To the best of our knowledge, the presented method is the first unsupervised learning approach for target tracking in 4D ultrasound as well as the first approach that utilizes 3D Convolutional Neural Networks. In contrast, previously published approaches either use 2D slice images and are trained in a supervised fashion [11] or do not use Neural Networks [9, 10]. They achieve slightly smaller tracking errors on comparable but different data sets, ranging from 1.63 mm to 1.80 mm [11]. However, our unsupervised approach does not require a labeled data set, avoiding time-consuming manual annotations. Furthermore, we observed target loss errors caused by large target shifts as can be seen in Fig. 7. These errors could be avoided by improving the greedy search algorithm, so it might be possible to push the method’s accuracy even further.

It could be seen that tracking in representation space worked for all tested sequences. Since the presented method is based on autoencoders that were not trained for performing tracking but for simply reducing data dimensionality (Eq. 1), this is a promising result. This method works without the need for a huge labeled data set as an unsupervised learning approach is used. The tracking procedure can be performed using only four labeled target patches.

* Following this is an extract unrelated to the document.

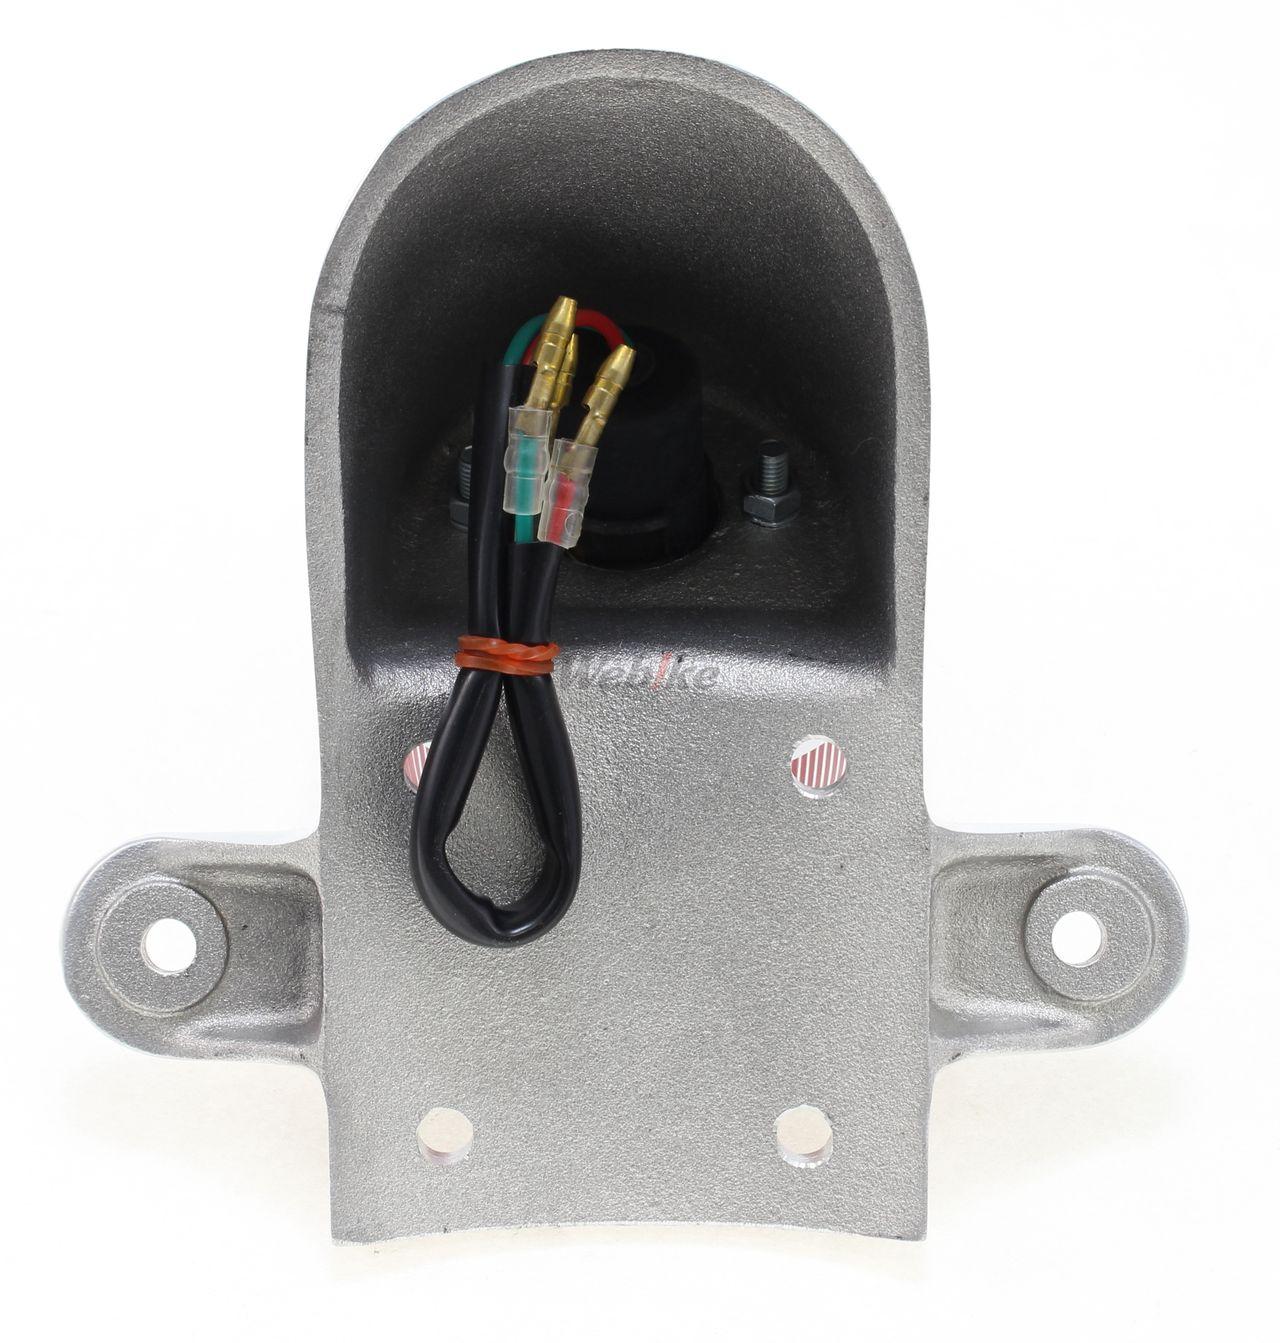 【POSH】圓形尾燈套件(土除需加工) - 「Webike-摩托百貨」

Conclusion and future work

Target tracking in time resolved 3D ultrasound images is a challenging task. In this paper, a proof of concept for performing tracking in 3D ultrasound in a representation space generated by an SWAE is presented. It is a novel simple approach that uses a 3D convolutional network to perform target tracking in 3D ultrasound images. It could be shown that using a generalized autoencoder and fine-tuning it for a specific patient is more promising than training an individual autoencoder from scratch. In addition, it is shown that tracking in 3D ultrasound images can be performed without the need of a large labeled data set by using unsupervised representation learning. This approach holds the potential to learn the possible target deformations, e.g., by using deforming autoencoders [17] which could replace the need to define target references for the tracking. Thus, methods for learning the target shape variability will be investigated in future studies. Target tracking could be performed by using a simple greedy algorithm approach that is searching for a local optimum. However, in some experiments the target was lost due to large target shifts. Thus, the searching algorithm will be enhanced in future studies, e.g., by evaluating the representation distances. Furthermore, the needed representation space size is investigated and it could be shown that the tracking error saturates when increasing the representation space size. However, this is a first simple approach and it needs enhancements to make it more robust and to increase the tracking accuracy.